Radiata pine genome – draft assembly completed

In a world first, scientists have completed a draft assembly of the radiata pine genome. This marks the beginning of a new era of precision forestry for a critically important species.

Dr Emily Telfer, who leads the project, says, “The completion of the genome assembly means that we now have an instruction book for how a radiata tree grows, it’s the foundation we need to begin the task of deciphering what each of the base pairs of DNA relates to in physical terms."

At 25 billion base pairs, the radiata pine genome is eight times bigger than the human genome. Following assembly, the next steps are to understand each piece of the genome and the role it plays in tree growth and resilience.

The sheer size of the genome was a large challenge to researchers, including Dr Richard Winkworth from Massey University who helped put the pieces together. Emily says, “This is not the kind of problem we could fix by throwing resources at. We had to come up with a way to segment the genome, process it and put it back together again.”

Armed with this knowledge, the forestry industry could breed trees with their desired characteristics – hastening the current method of selective breeding that can take decades to produce superior trees. Once geneticists understand the genome better, that will all change. “We could breed a whole range of different trees - from construction timber to biofuels.”

Another major advantage will be in mitigating the effects of climate change and disease. As environments alter with the climate, diseases not previously found in New Zealand may establish here and threaten our forests.  Emily says that thanks to genomics we will be able to identify genes with drought and disease resistance and establish them in the wider population much faster.

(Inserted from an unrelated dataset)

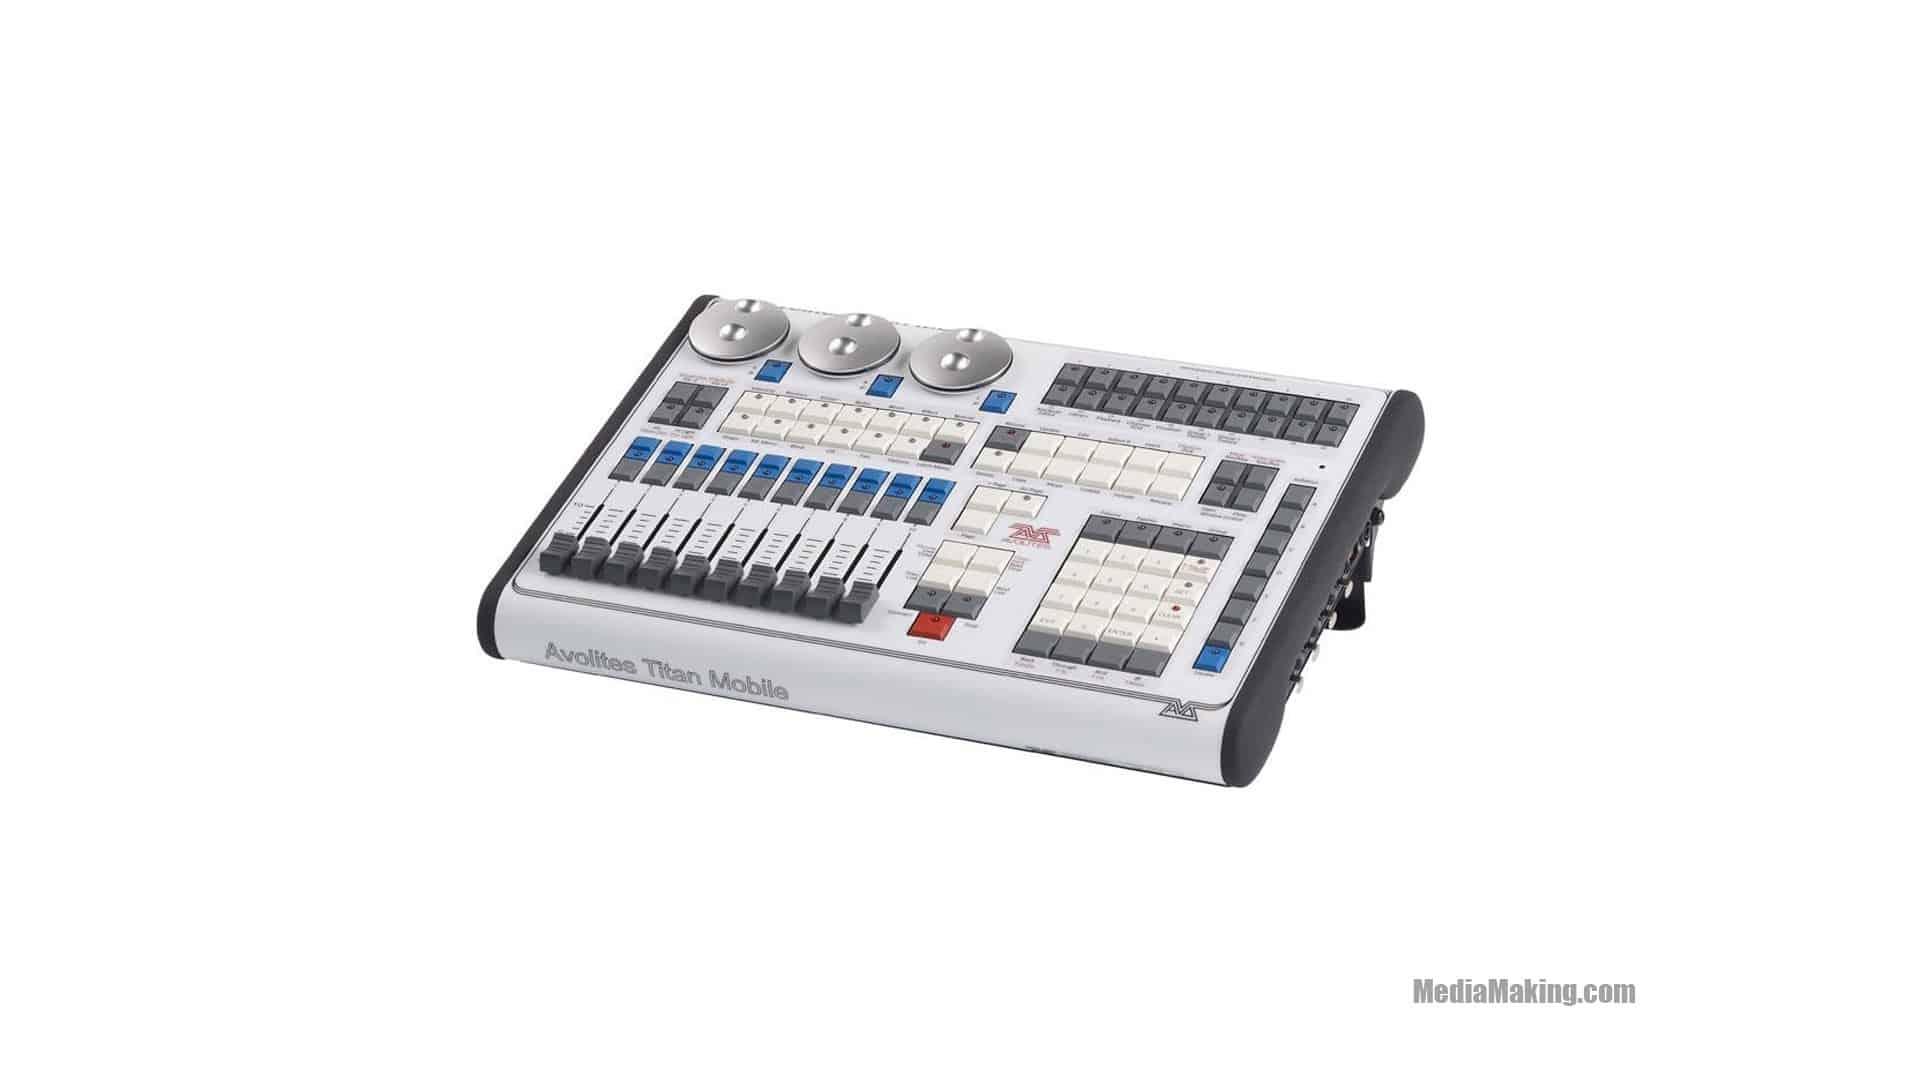 , Stage light mixer, MediaMaking

The genome assembly will also benefit the international scientific and forest growing community. Radiata is the backbone of New Zealand’s forestry industry, but it is also the most domesticated pine in the world and is grown commercially in Australia, Chile, Spain, and South Africa.

The genome assembly began in 2013 with input and guidance from the international conifer genomics community and was completed in September 2017 using Scion’s newly acquired high-capacity computer server – the largest of its kind undertaking genomics work in New Zealand.

The official announcement on the completion of the genome assembly was made at the Forest Growers Research Conference in Christchurch.